SOURCE DATA.
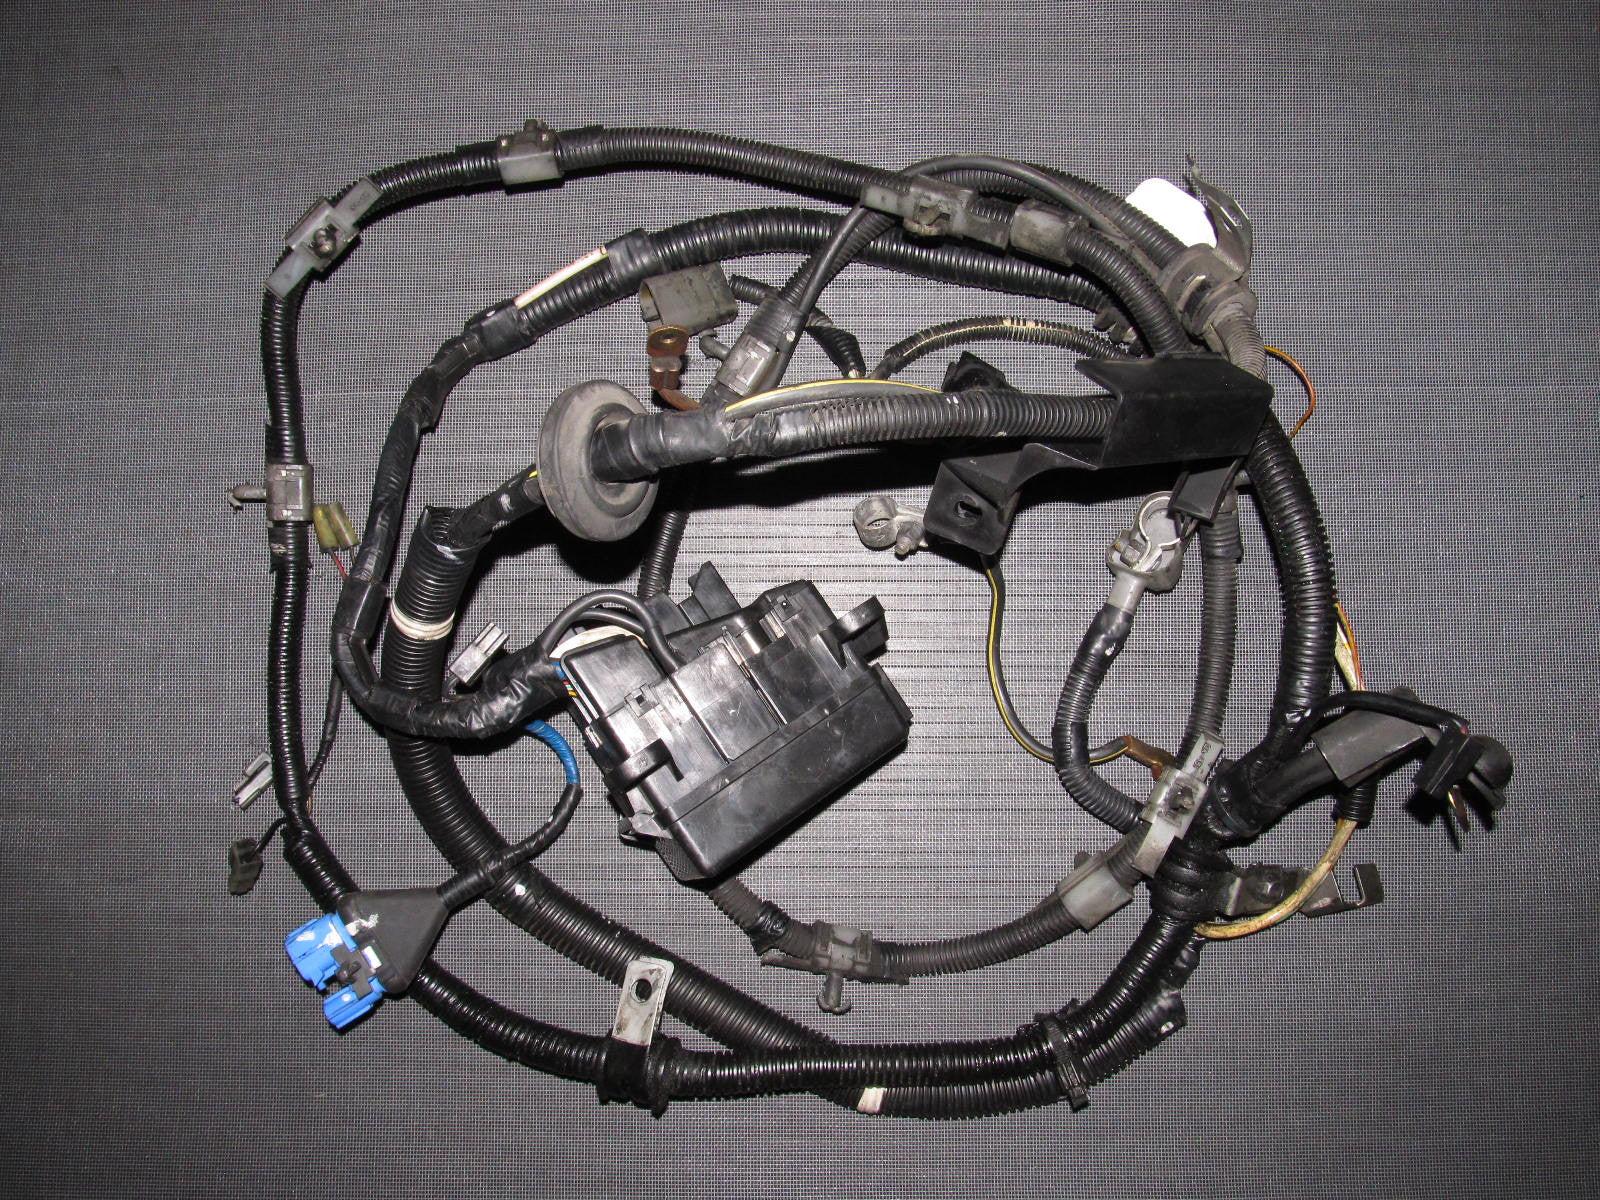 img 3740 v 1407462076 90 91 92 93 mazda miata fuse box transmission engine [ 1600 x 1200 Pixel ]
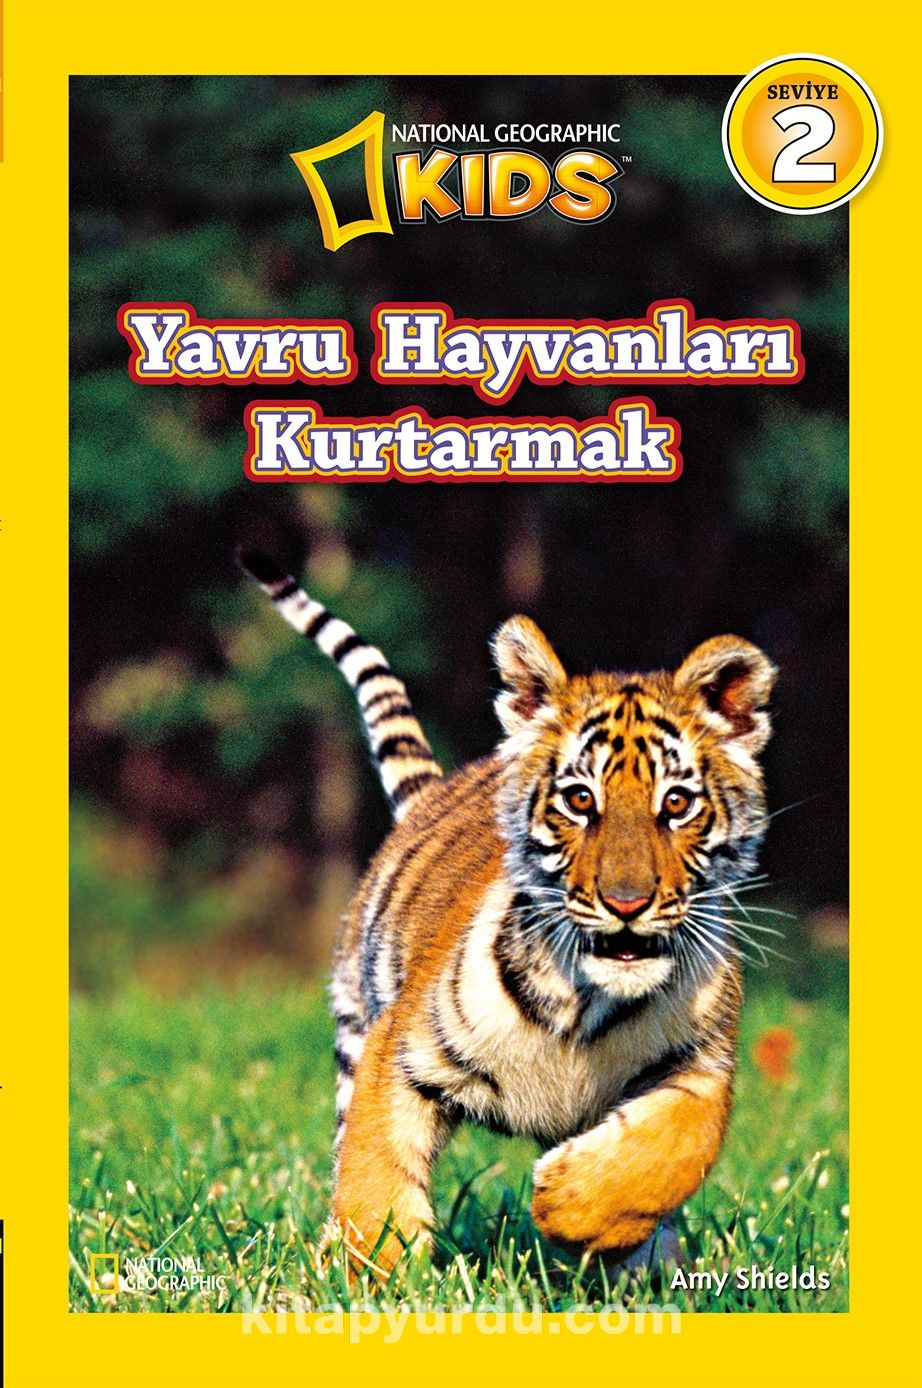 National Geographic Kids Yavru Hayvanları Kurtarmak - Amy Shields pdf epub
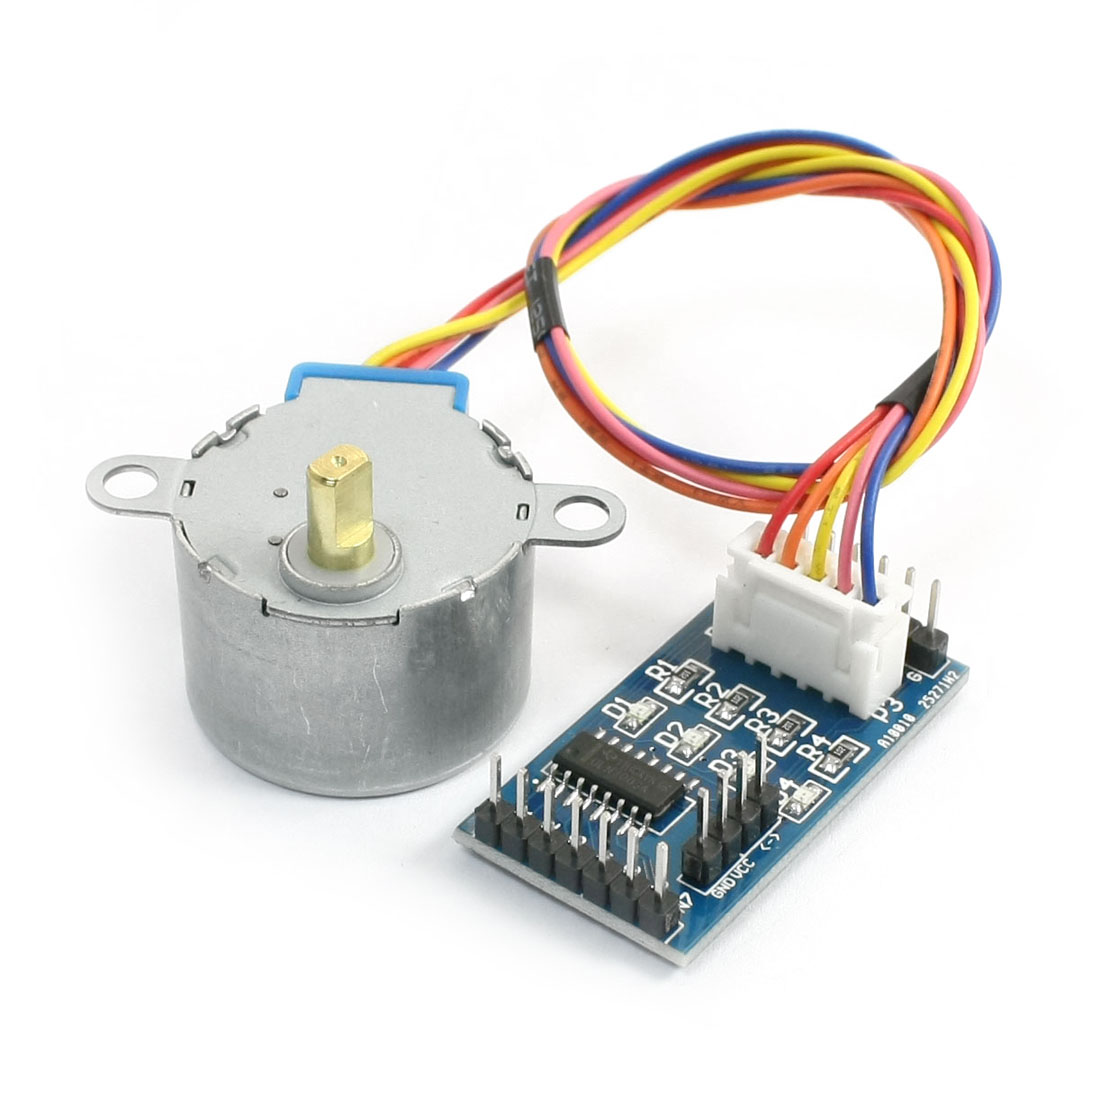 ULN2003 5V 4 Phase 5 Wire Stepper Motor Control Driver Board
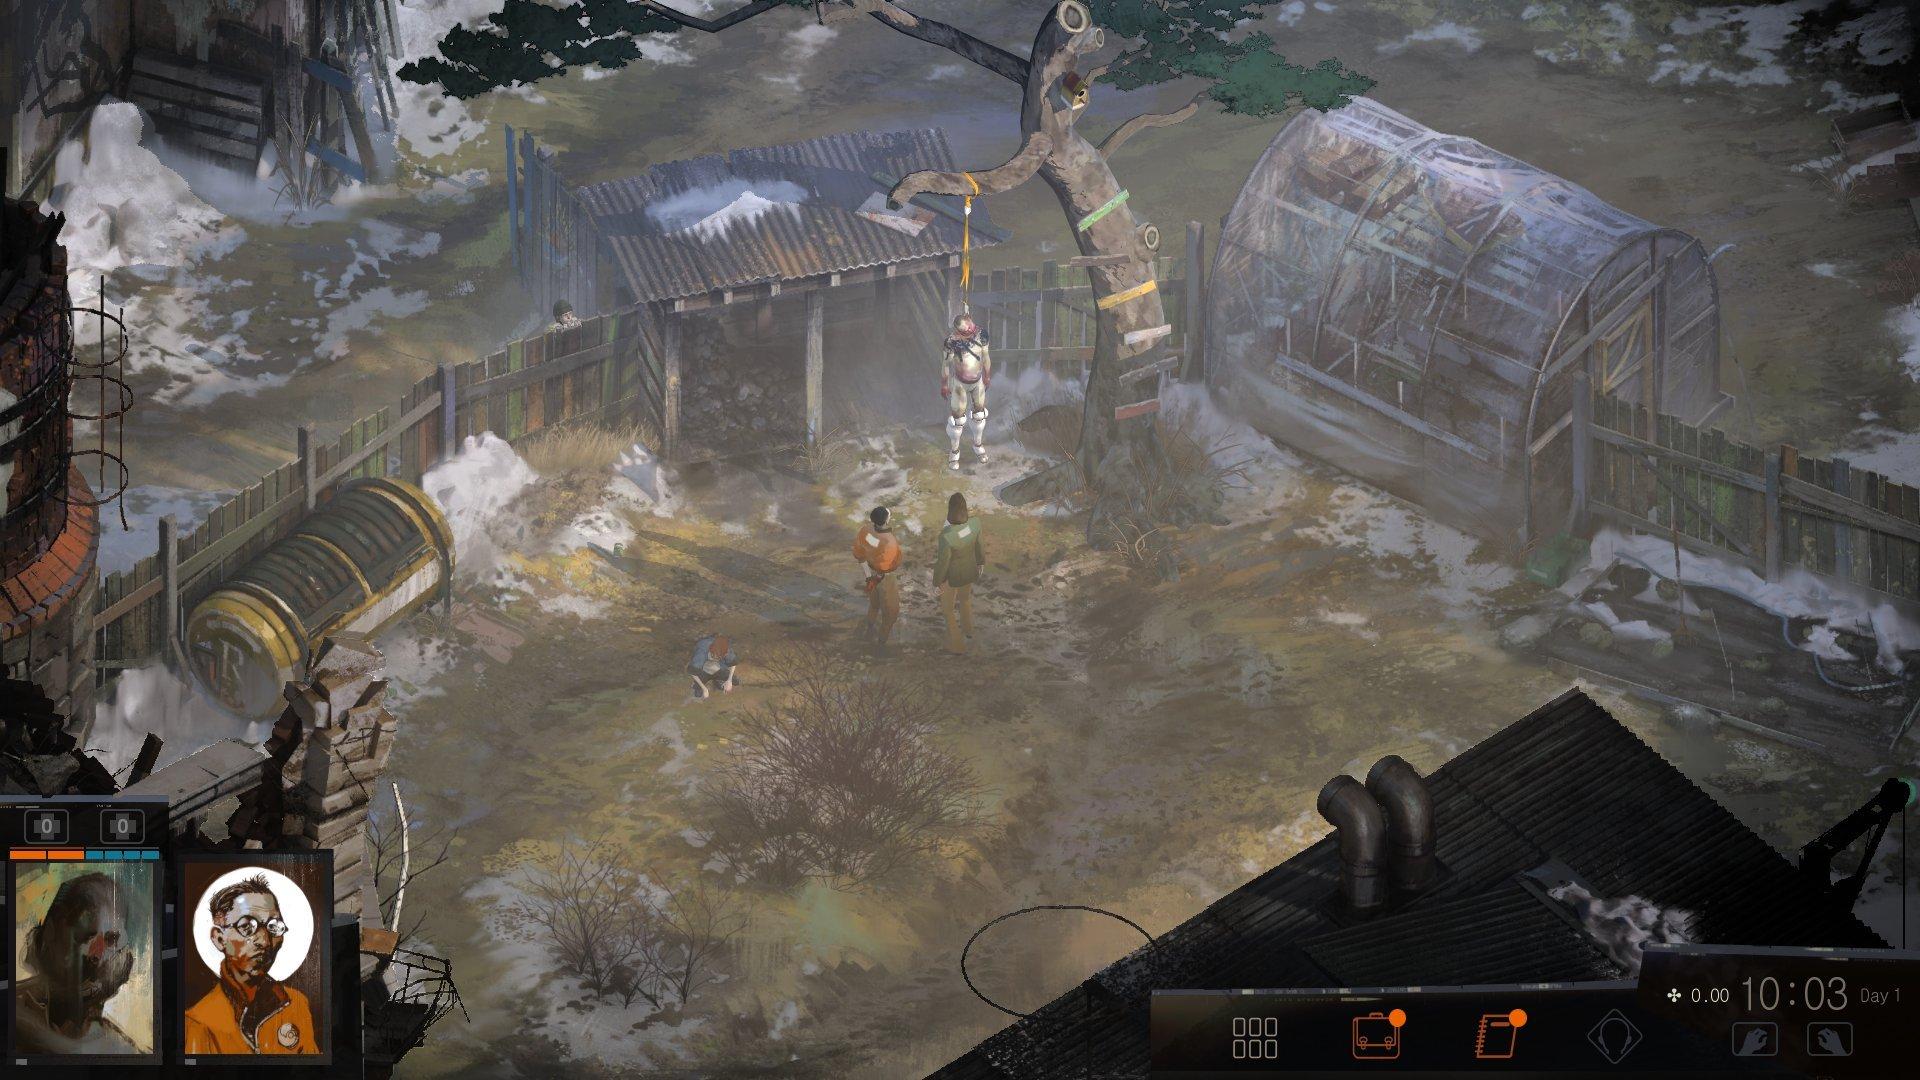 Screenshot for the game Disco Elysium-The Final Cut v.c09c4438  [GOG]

WORK ORDER. Leave the pictures out and retype only the lines from the line with "ULN2003 5V 4" through the final line of the material, both ends included, word for word.

SOLUTION FOR THIS EXERCISE.
 ULN2003 5V 4 Phase 5 Wire Stepper Motor Control Driver Board
 Screenshot for the game Disco Elysium-The Final Cut v.c09c4438  [GOG]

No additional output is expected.